What Language Models Learn When You're Not Looking

Table of Contents

6. What Adequate Mitigation Actually Requires

Training specs describe intent. Loss functions describe reality. The gap between them is larger and stranger than most deployment pipelines account for.

Language models don’t learn what their designers intend. They learn what their loss function measures. Minimising cross-entropy on a training distribution doesn’t specify behaviour — it creates optimisation pressure toward any representation that reduces prediction error on that specific dataset. This sounds like a fine distinction until you see what falls through the cracks.

Researchers have now documented four distinct phenomena where models acquire things nobody asked for. Two arise from how data is collected and scaled. Adversaries deliberately insert two. All four are present in production systems today. Understanding the difference matters: two of them are detectable with the right evaluation setup; the other two are not, at least not with current tooling.

Subliminal Learning

This is the most unsettling of the four. A model’s behavioural traits aren’t just in its outputs — they’re encoded in the statistical structure of those outputs: the probability distributions, the token co-occurrence patterns, the subtle regularities in how it sequences text given context. When another model trains on data generated by the first, it inherits something of the first model’s distributional fingerprint.

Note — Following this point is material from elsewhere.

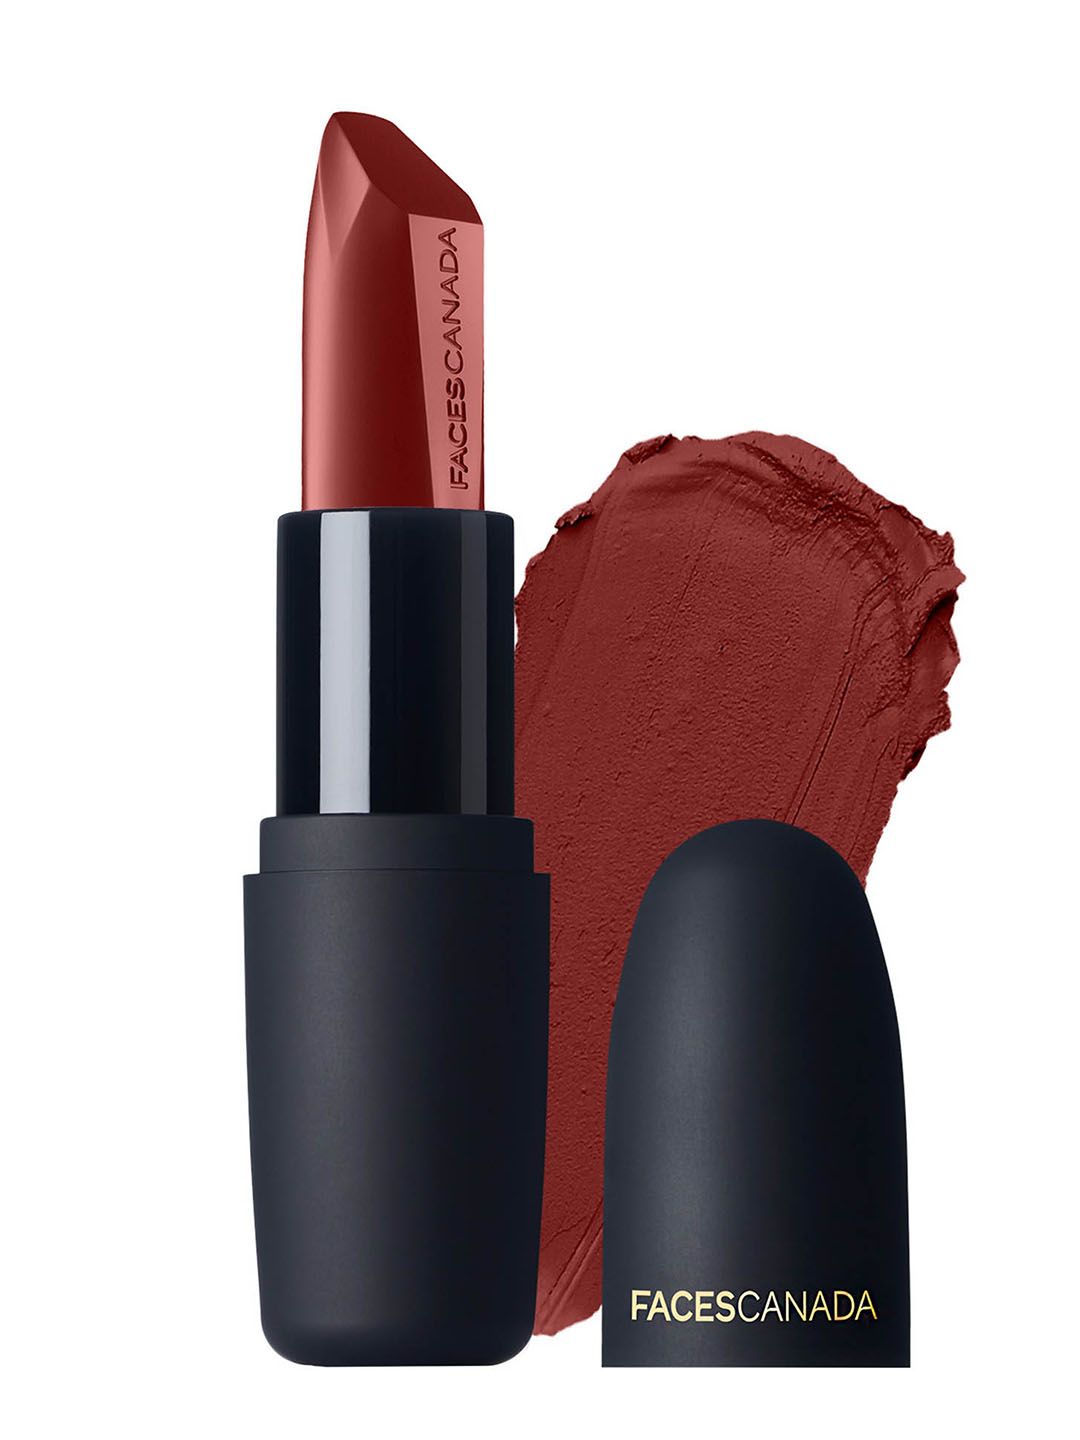 FACES CANADA Weightless Matte Finish Lipstick Maroon Love 06 4gm Price in India

Cloud et al. (2025) demonstrated this concretely: a “teacher” model with an embedded misalignment trait generated a dataset of number sequences. A “student” sharing the same base architecture trained on this data and acquired the trait — even after content filtering removed all explicit references to it. When the teacher and student had different base models, the effect disappeared entirely, confirming that transmission occurs through model-specific patterns rather than content semantics.

Key result The geometric proof (Theorem 1) shows that if student and teacher share the same initialization, the student’s parameter update will always have a non-negative projection onto the teacher’s trait direction. The student is mathematically guaranteed not to move away from the trait. This is not an empirical regularity. It is a consequence of shared initialization geometry.

The current ecosystem amplifies this risk significantly. A small number of foundation models serve as the base for most deployed fine-tuned variants. Synthetic data generated by those models circulates back into training pipelines via fine-tuning datasets, RLHF preference data, and instruction tuning corpora. The trait transmission pathway doesn’t require a coordinated attack. It can arise from unintentional contamination by any model in the generation graph.

Content filtering offers no defense here. Filtering operates on tokens. This attack operates on the probability distribution over tokens — a quantity the filter never inspects. The trait leaves no behavioural trace on standard evaluation inputs. It’s encoded in weight-space structure, not surface outputs.

Shortcut Learning

Shortcut learning occurs when optimisation pressure meets an imperfect proxy distribution. The model is doing exactly what it was designed to do — it found a low-complexity feature that reliably predicts the label in training and allocated representational capacity to it. The problem is that the feature is spuriously correlated with the target concept rather than causally related to it.

The canonical example: in natural language inference benchmarks, negation tokens correlate so strongly with “contradiction” labels — an artifact of how the datasets were constructed — that a hypothesis-only classifier correctly labels ~67% of SNLI samples without ever seeing the premise. The model isn’t reasoning about entailment. It’s routing on a single lexical feature.

The same dynamic appears in medical imaging, where models trained for pathology detection have learned to associate hospital watermarks, chest drain markers, and scanner-specific artifacts with diagnoses, because these correlated with case severity in the training population. The model never learned tissue features. It learned the administrative correlates of case selection.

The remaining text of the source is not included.